Another prominent topic of public and council comment was the NAACP of Snohomish County’s announcement that it believed Binda was discriminated against. During their July 20 press conference, NAACP leaders said their preliminary investigation indicated that City of Lynnwood officials and the news media treated Lynnwood City Councilmember Josh Binda differently from other city councilmembers due to his race and age.
“Josh Binda and I are not enemies,” said Council President Shannon Sessions, who was specifically called out in the NAACP report for her treatment of Binda. Sessions added that she stood by the emails the NAACP cited as evidence for discrimination, describing them as appropriate and in adherence with council rules.
“As the city council president, it is my responsibility to make sure that the council adheres to city and state regulations set in place for its public leaders,” she said. “When anybody steps outside those regulations, it is the duty of the council to address those issues and to take appropriate action, when warranted. The actions taken regarding Councilmember Binda have been in adherence with that due diligence.”
Regarding her relationship with Binda, Sessions said the councilmember “knew her heart” and she has had plenty of private discussions with him in the past. Sessions also said it was important to everyone that Binda had success as a councilmember.
Binda replied that he did not believe Sessions to be a bad person, but added that if she did not see a problem with the emails or things she had stated, he didn’t know what to say to her.
“I publicly stated I did not want to go this route [involving the NAACP],” Binda said. “When I was on Zoom here [when the council was discussing new rules limiting virtual attendance], I said ‘This is discriminatory. The city is watching. Can we not do this performative route that we’re doing?’.”

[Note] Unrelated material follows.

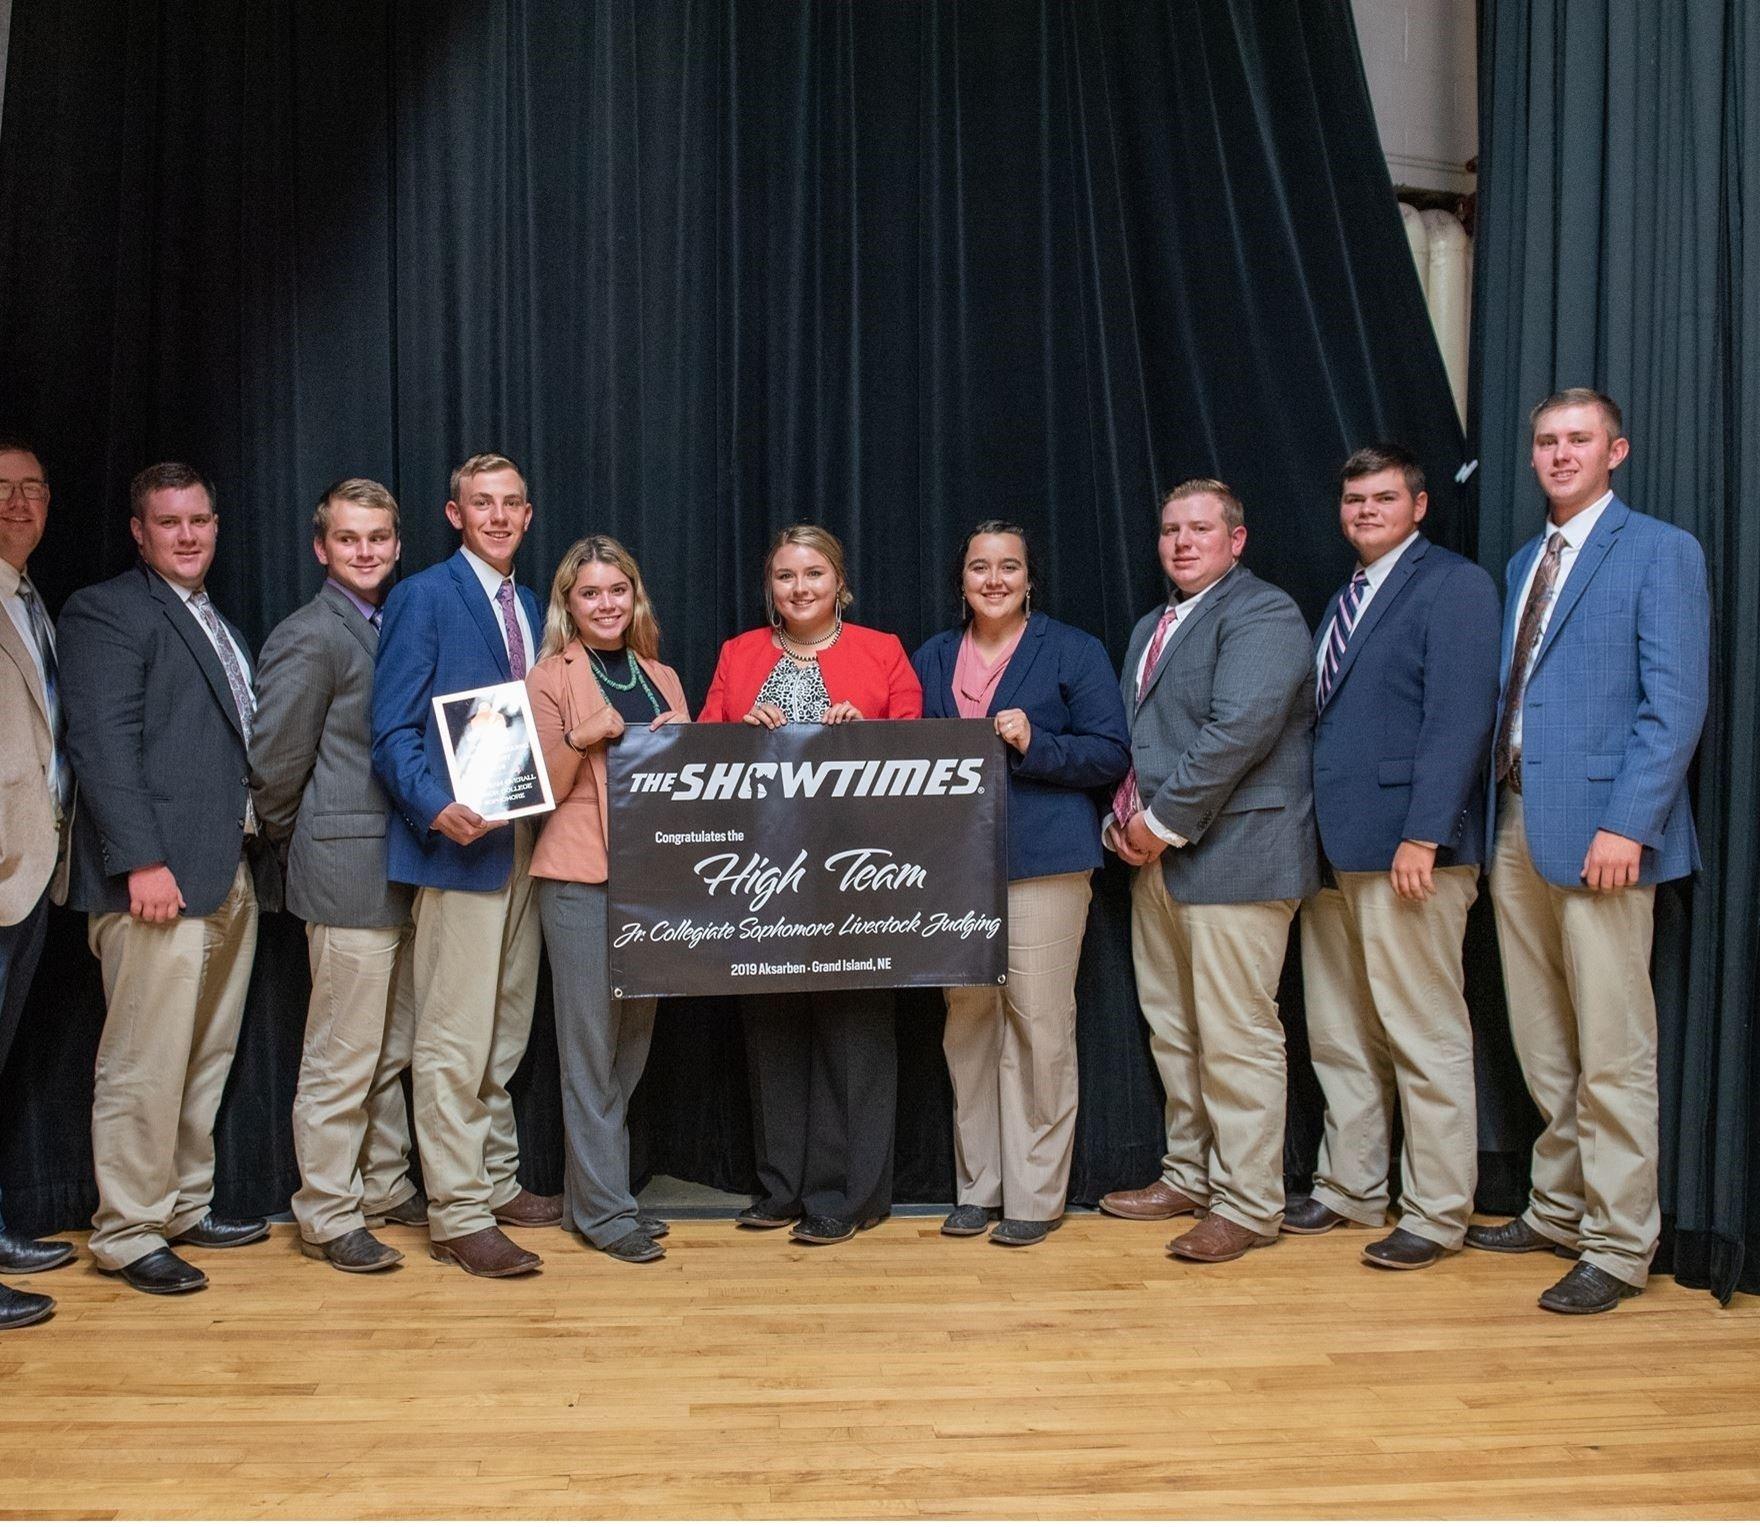 2018 High Team Jr. Collegiate Sophomore Livestock Judging
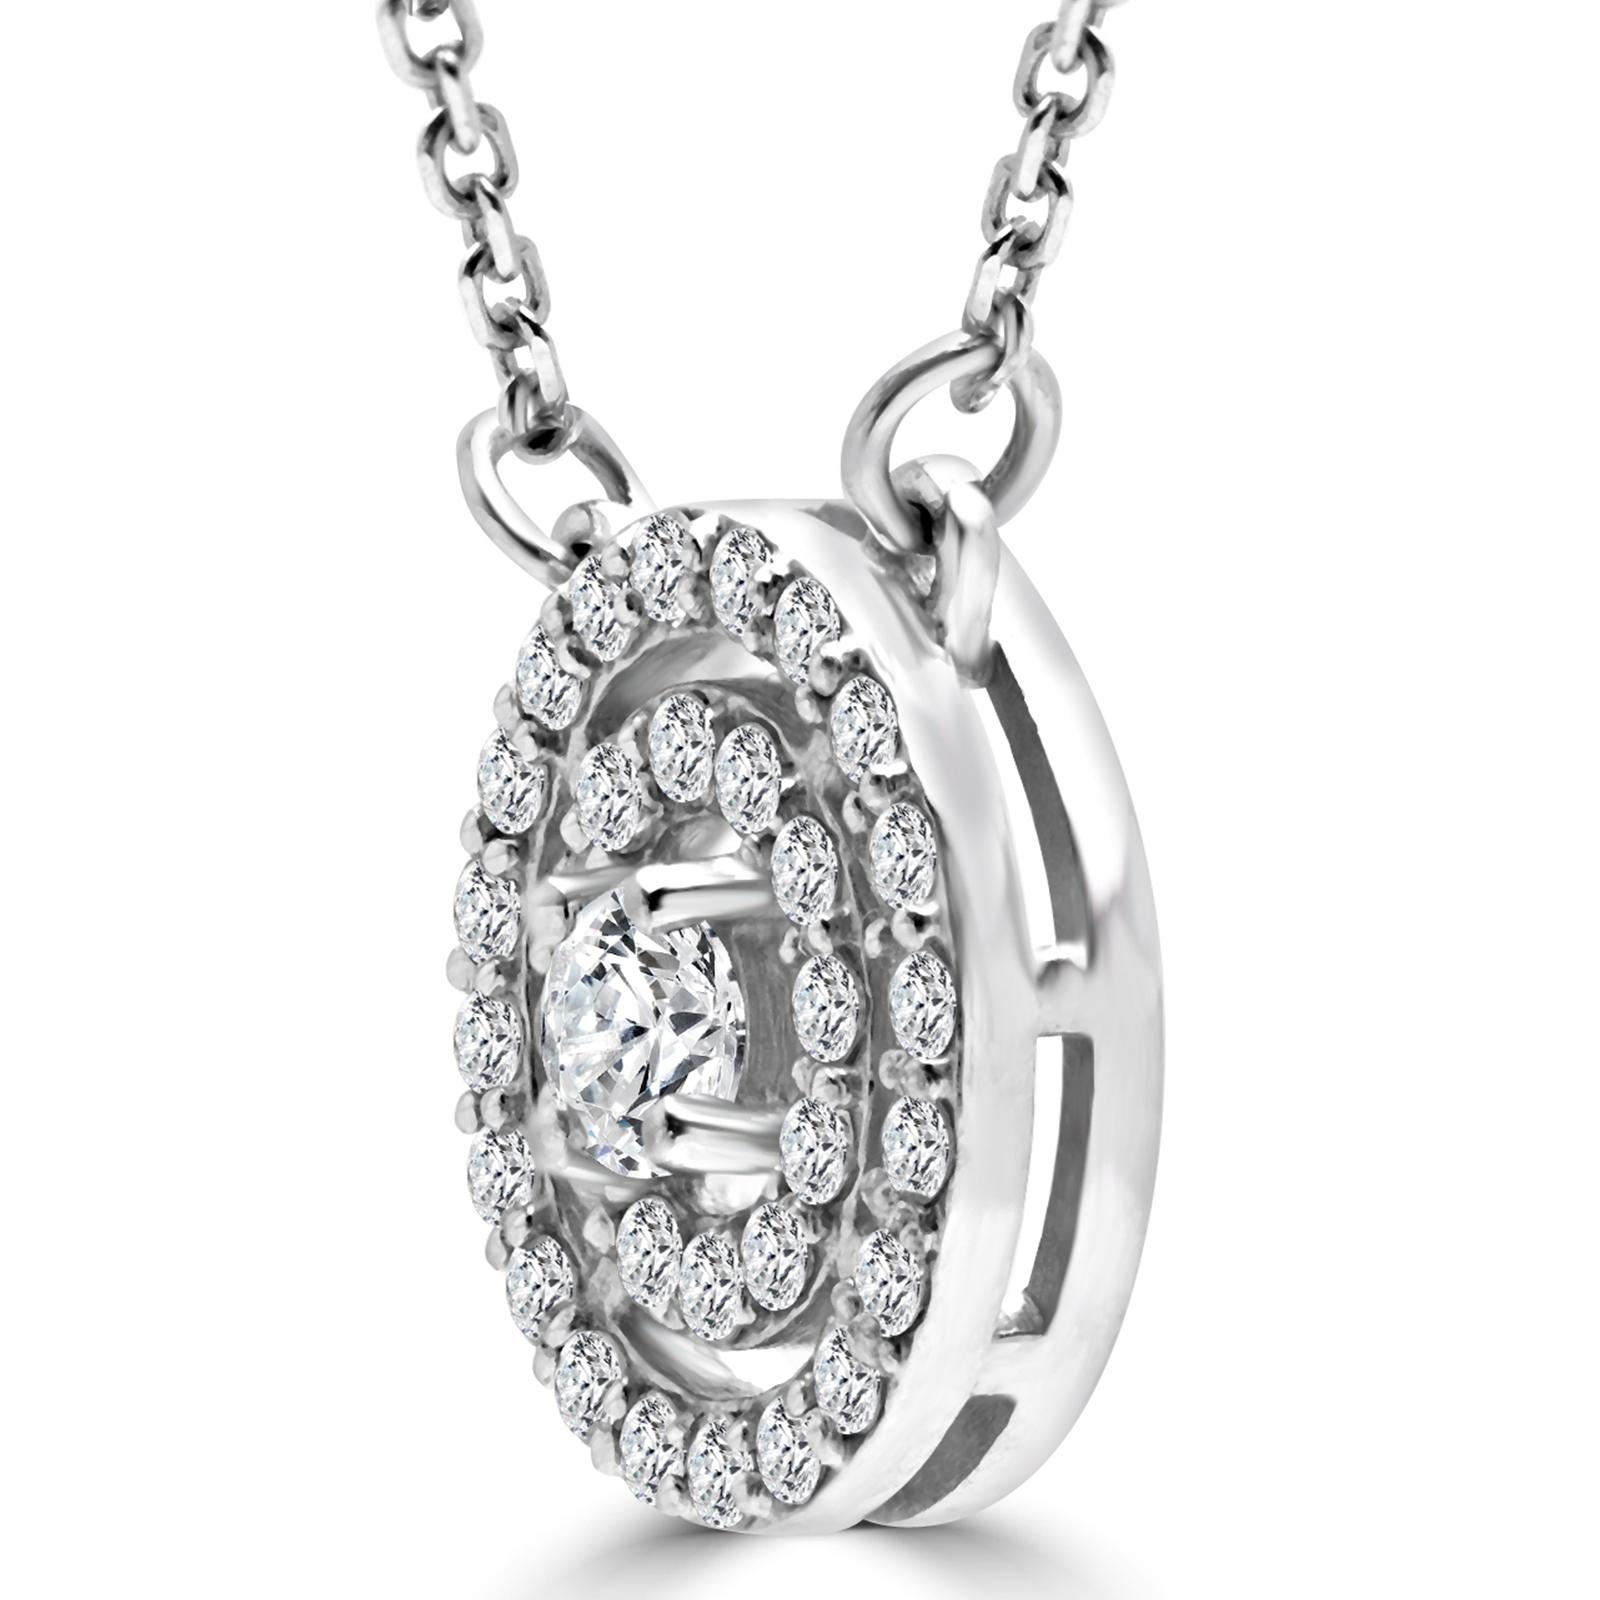 55 ct vs1 e round diamond circle pendant necklace 14k. Black Bedroom Furniture Sets. Home Design Ideas

Resident Eric Clem spoke about the need for a right-turn lane at the intersection of 200th Street Southwest and 64th Avenue West.
“It’s the street vacation on 64th that was given to Harrison Ford to expand their business and we were told at the time this happened that 200th would get a right-turn lane,” Clem said. “Well, the street was vacated one year ago next week and the right-turn lane is nowhere near completion.”
In other business, the council accepted the adoption of new state legislation to replace Lynnwood’s ban on the use of illegal drugs in public. The adoption was confirmed in a 6-0 vote, with Binda abstaining. In addition, Sue Phillips was unanimously confirmed for a position on the Lynnwood Planning Commission and the council read a proclamation acknowledging Disability Awareness Day.